Jordan – who had presented the IRA in unflattering terms in The Crying Game – hit back, saying “I’ve never supported the IRA. I’ve loathed them for years”. He continued: “People tend to denigrate you if you dwell in any depth on issues of Irish politics in the Irish past. They’re scared of broaching these subjects, so they try to connect you to the IRA in some way. It’s a kind of smear.” Yet his comments were ignored by the more hysterical voices, especially on the right, who saw Michael Collins as representing an existential threat to the nascent peace process.
Even an unexpected endorsement from the Evening Standard’s ferociously pro-unionist film critic Alexander Walker – a man who was unafraid to tear films to shreds if he thought that they were politically dubious – could not stop the attacks on it. The newspaper columnist Eogan Harris called the film pernicious and historically inaccurate and said that he was “sickened” by it; his criticism may, or may not, have been dictated by the knowledge that he was to have scripted Costner’s stalled version of the biopic.
Although the controversy led to raised awareness of the film in both the United Kingdom and America, it was not a box office success in either country, only just covering its production costs with a total gross of around $32 million. But it was a different story in Ireland, where it became the highest-grossing picture of all time there, easily out-earning Independence Day, and not until Titanic – another historical epic that attracted criticism for its historical liberties, but which also featured another doomed Irish icon – would another film earn more money.
Yet Jordan remained irritated about the wilful, even perverse way in which it was viewed upon release. “I was being accused of making some kind of apologia for political violence,” he said. “It had the [structure] of a crime movie and people misinterpreted that in certain ways… nobody seems to mention the amount of which we did get right.” He acknowledged that his presentation of de Valera was unfair, but justified it by saying, “I was never a fan.

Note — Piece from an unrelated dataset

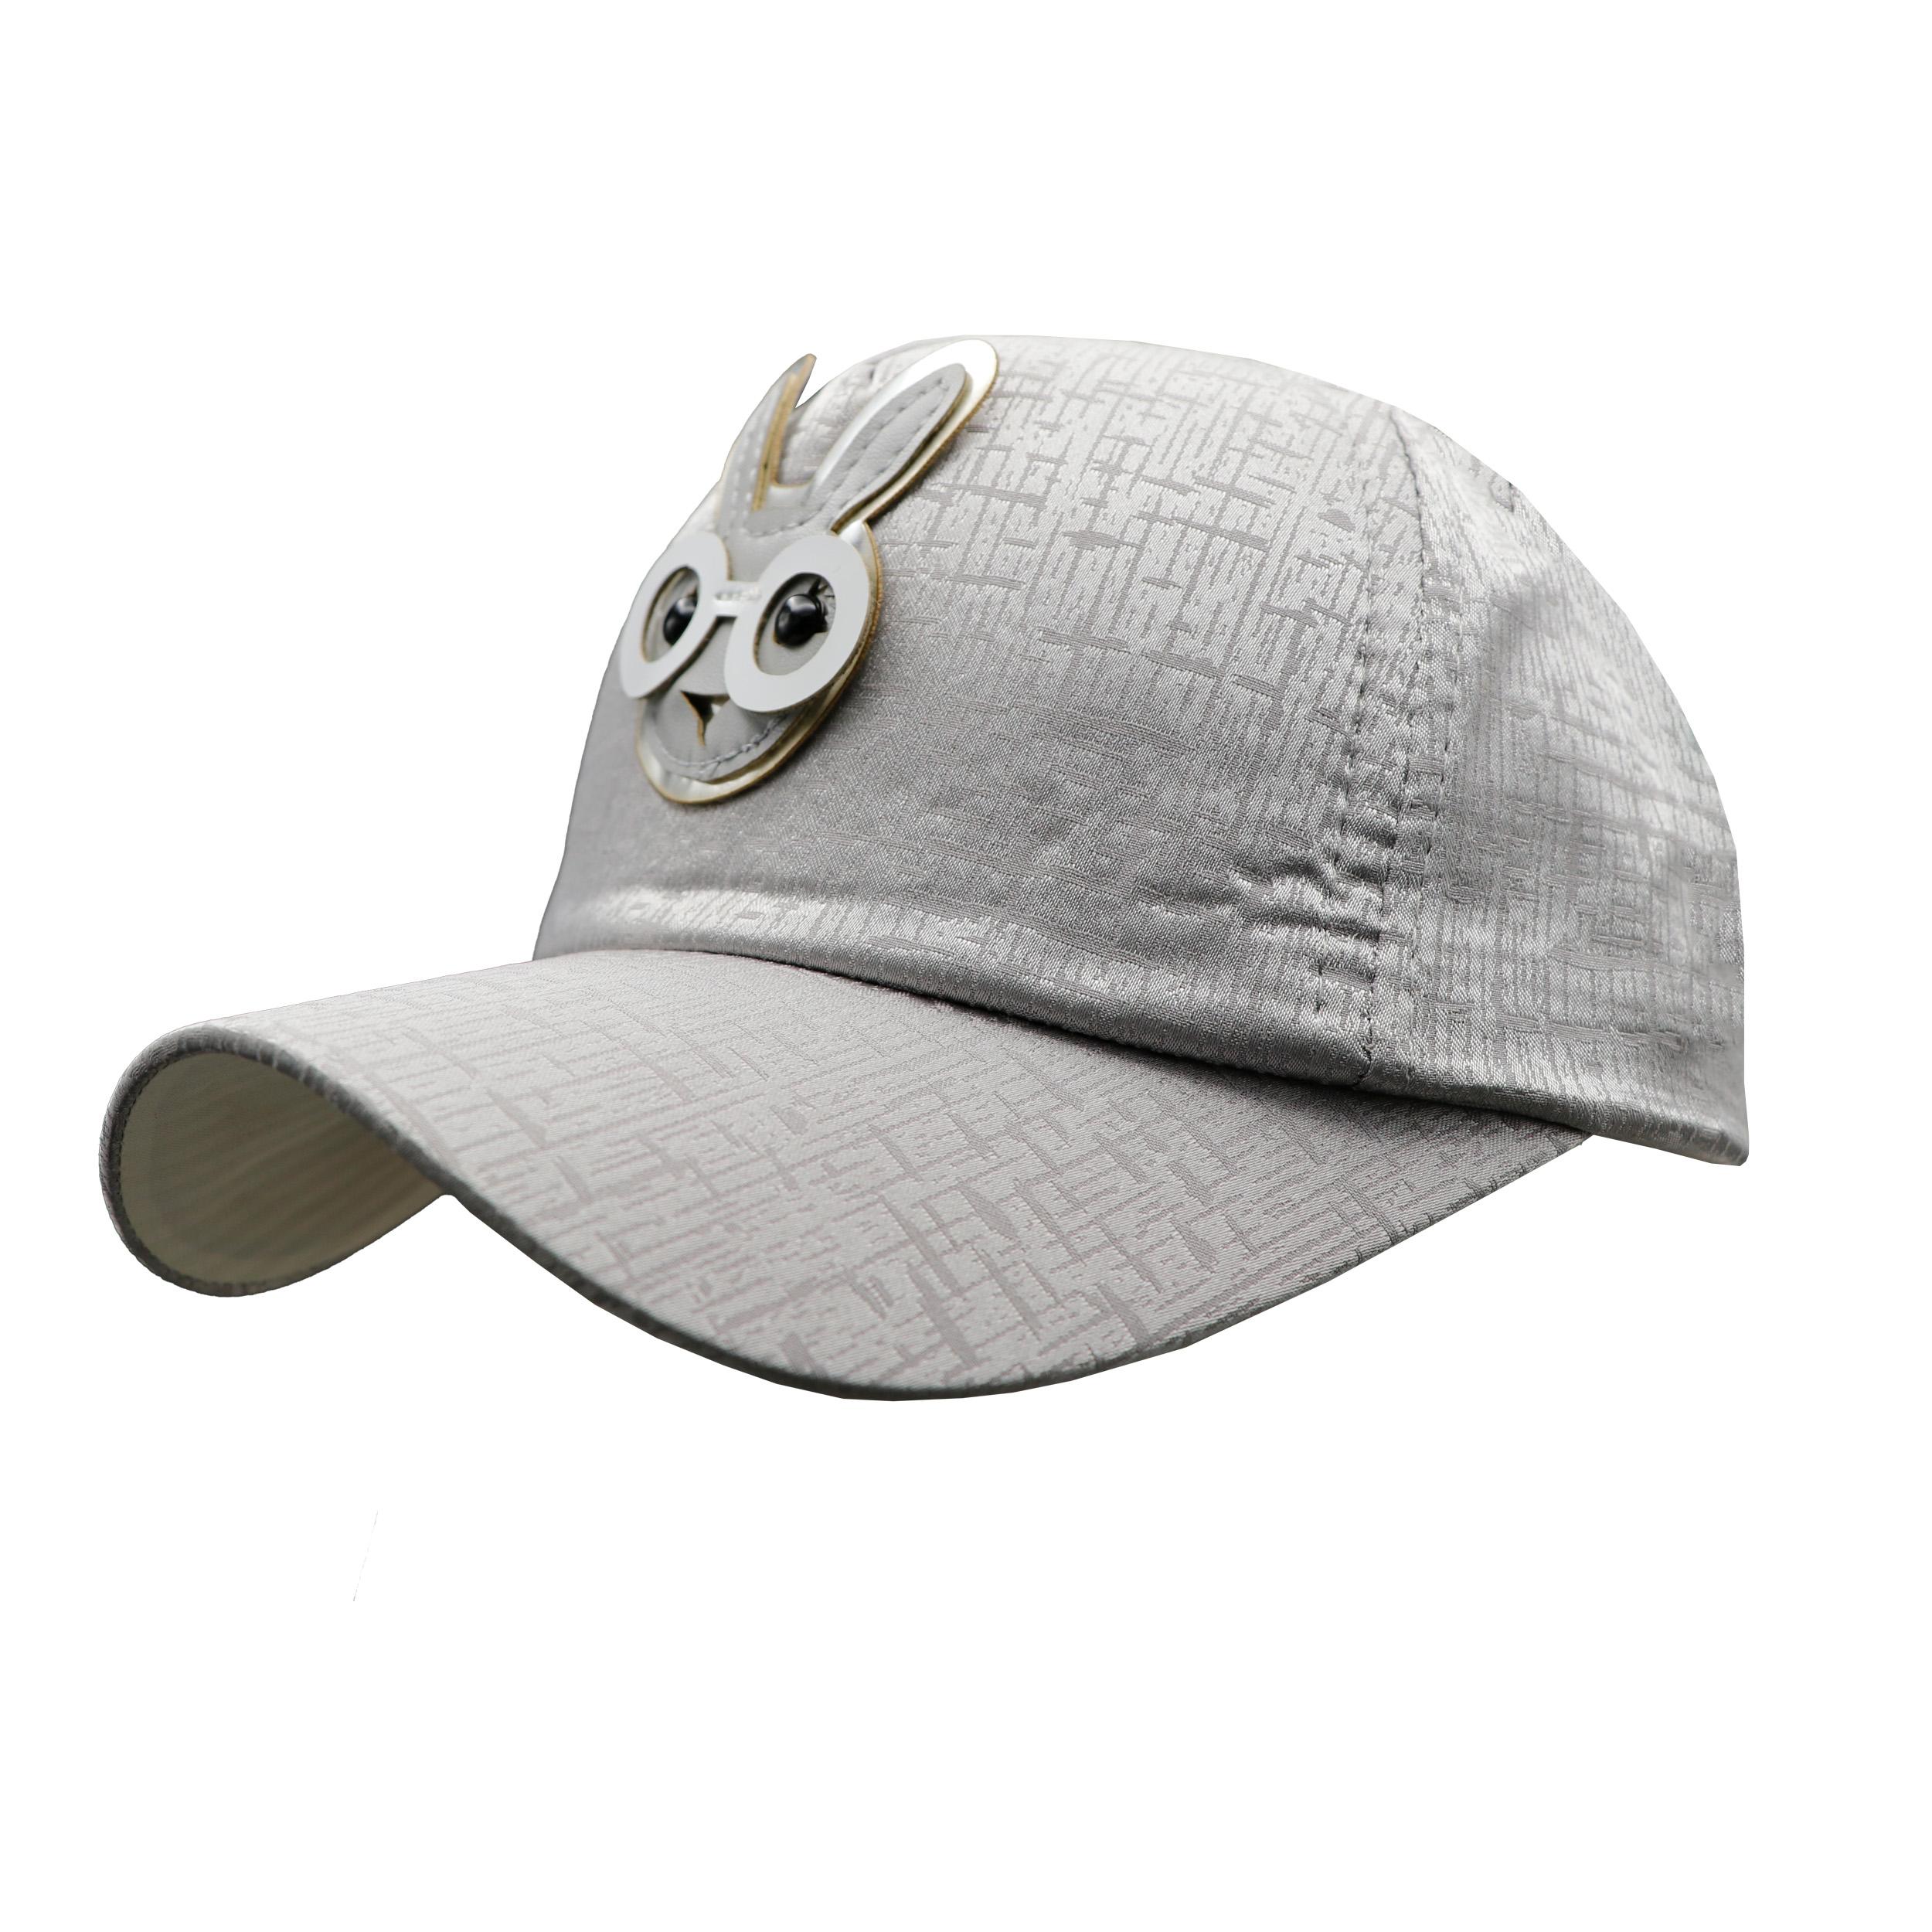 کلاه کپ بچگانه طرح خرگوش عینکی رنگ طوسی

I grew up in de Valera’s Ireland. It was a fair portrayal of the broad political set of decisions de Valera made at the time.”
Since the release of Michael Collins, the spectre of the IRA and Irish terrorism in Britain has receded considerably. Yet if Jordan’s film no longer has the electric energy and even danger that it possessed on release, it still makes valuable and thoughtful points about the fine line between legitimate political aims and near-random violence that should make it invaluable viewing for any would-be politician.
And it is worth remembering that, historical liberties aside,the film was good enough for Garret FitzGerald to offer a glowing endorsement – whether or not he was swayed by anything other than the film’s undeniable excellence.